The film is “Appaloosa,” starring Ed Harris (who also directs) as Appaloosa’s shoot-first sheriff, Viggio Mortensen as his deputy and Renee Zellweger as the new girl in town, Allison French. She’s the one female in town who isn’t a prostitute. (She doesn’t charge.)
Harris and Mortensen are hired to clean up the town and when the bad guys resist, they are quickly gunned down.
The film opens with Jeremy Irons, another bad guy, gunning down the previous sheriff and his deputy.
New-sheriff Harris is serious and doesn’t mess around. Obey or die.
But his heart softens when the widow Zellweger arrives and needs a clean but respected and inexpensive place to stay. She only has $1.
She melts the sheriff’s heart and they are soon an item. The house being built on the edge of town will become their love nest.
The Zellweger character doesn’t even mind when Harris beats a man nearly to death for using bad language in front of her in the saloon.
But then, Zellweger makes a play for the deputy, too.
Meanwhile, a young man tells the sheriff he witnessed Irons killing the previous sheriff and deputy. At the trial, Irons denies the charge as does a packed courtroom of his followers, who happened to be there to witness the killing.
The elderly judge tells the young whistleblower to jump on his horse and ride, then sentences the Irons character to death.
Irons’ followers kidnap Zellweger so they can exchange her for the Irons’ character as the good guys head off via a train for his hanging.
Zellweger is a victim in name only, since she doesn’t mind cavorting with her captors in a nearby pond.
Mortensen is the most interesting character in the film.
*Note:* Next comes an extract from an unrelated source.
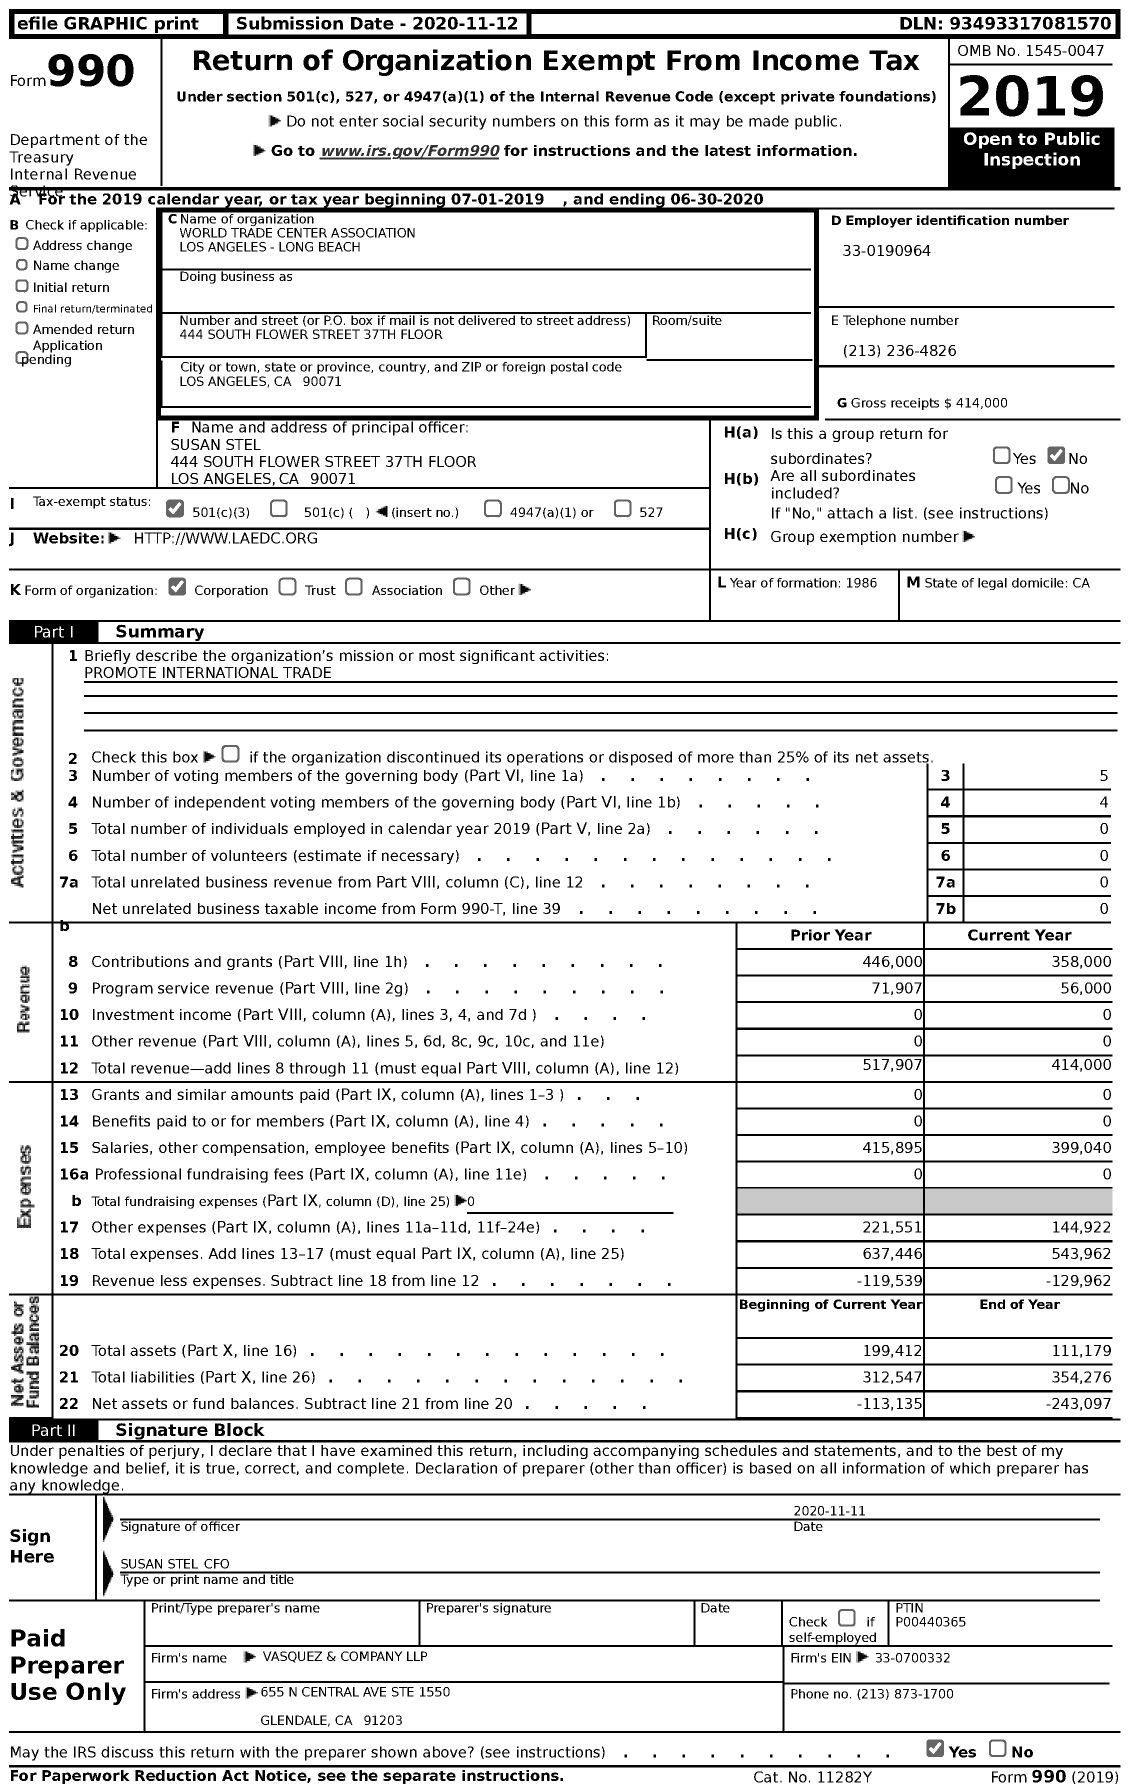 Image of first page of 2019 Form 990 for World Trade Center Association Los Angeles - Long Beach

He is steadfastly loyal to the Harris character while confessing his own insecurities to a series of sympathetic prostitutes.
The scenery in the Blu-ray version is beautiful and Harris does a nice job of directing and taking the prime role.
The film balances between being entertaining and realistic and going a little too far, as in, say, HBO’s “Deadwood.”
If you miss your regular fix of westerns, once a staple of TV and movies, give “Appaloosa” a look.